La Mishna ne laisse pas cette décision reposer sur sa seule autorité. Elle fournit une source dans les pessoukim et attribue la derasha à un Tana, Rabbi Chimon ben Zoma, en l'introduisant par les mots « et zo darach », telle est l'exposition qu'il a proposée.

« Néémar bemaassé beréchit » : une certaine expression est employée dans le récit de la Création, à savoir « yom ehad », un seul jour. Le verset dit « vayehi érev vayehi voker », et il y eut un soir et il y eut un matin, et il se clôt précisément sur ces deux mots, « yom ehad ». « Vénéémar beoto vé'et beno » : et ce sont exactement ces deux mêmes mots que la Torah utilise dans le verset interdisant d'abattre une mère avec son petit.

Puisqu'une même expression sert dans les deux passages, chacun peut éclairer l'autre.

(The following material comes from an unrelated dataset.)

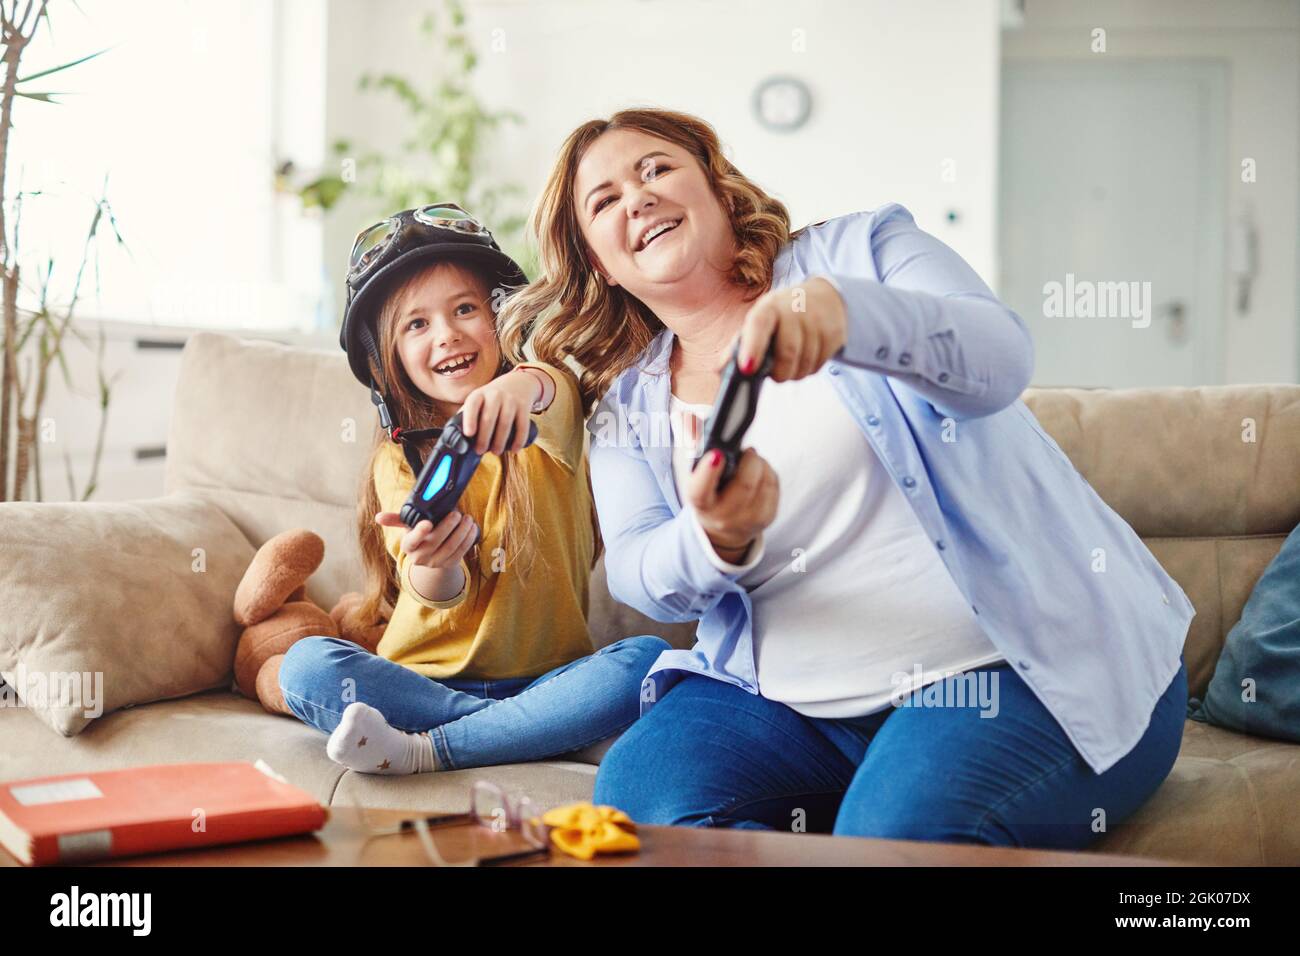 child daughter mother family happy playing console kid childhood Stock Photo

Demandons donc « ma yom ehad », de quel genre de « un seul jour » s'agit-il là où l'expression figure dans le récit de la Création, « haamour bemaassé beréchit » ? Là, l'obscurité vient en premier et la lumière ensuite, ce qui est exactement l'ordre que le verset lui-même énonce : le soir, et seulement après, le matin. « Af yom ehad », il en va de même pour le « un seul jour » de notre interdit : ses heures de clarté sont entraînées à la suite de la nuit qui les a ouvertes, « hayom holech ahar halayla ».

L'enseignement est donc porté par les mots « yom ehad » eux-mêmes. Malgré la proximité avec les lois des korbanot, le jour de oto vé'et beno est le jour halachique ordinaire : il s'ouvre à la tombée de la nuit et s'achève à la tombée de la nuit suivante.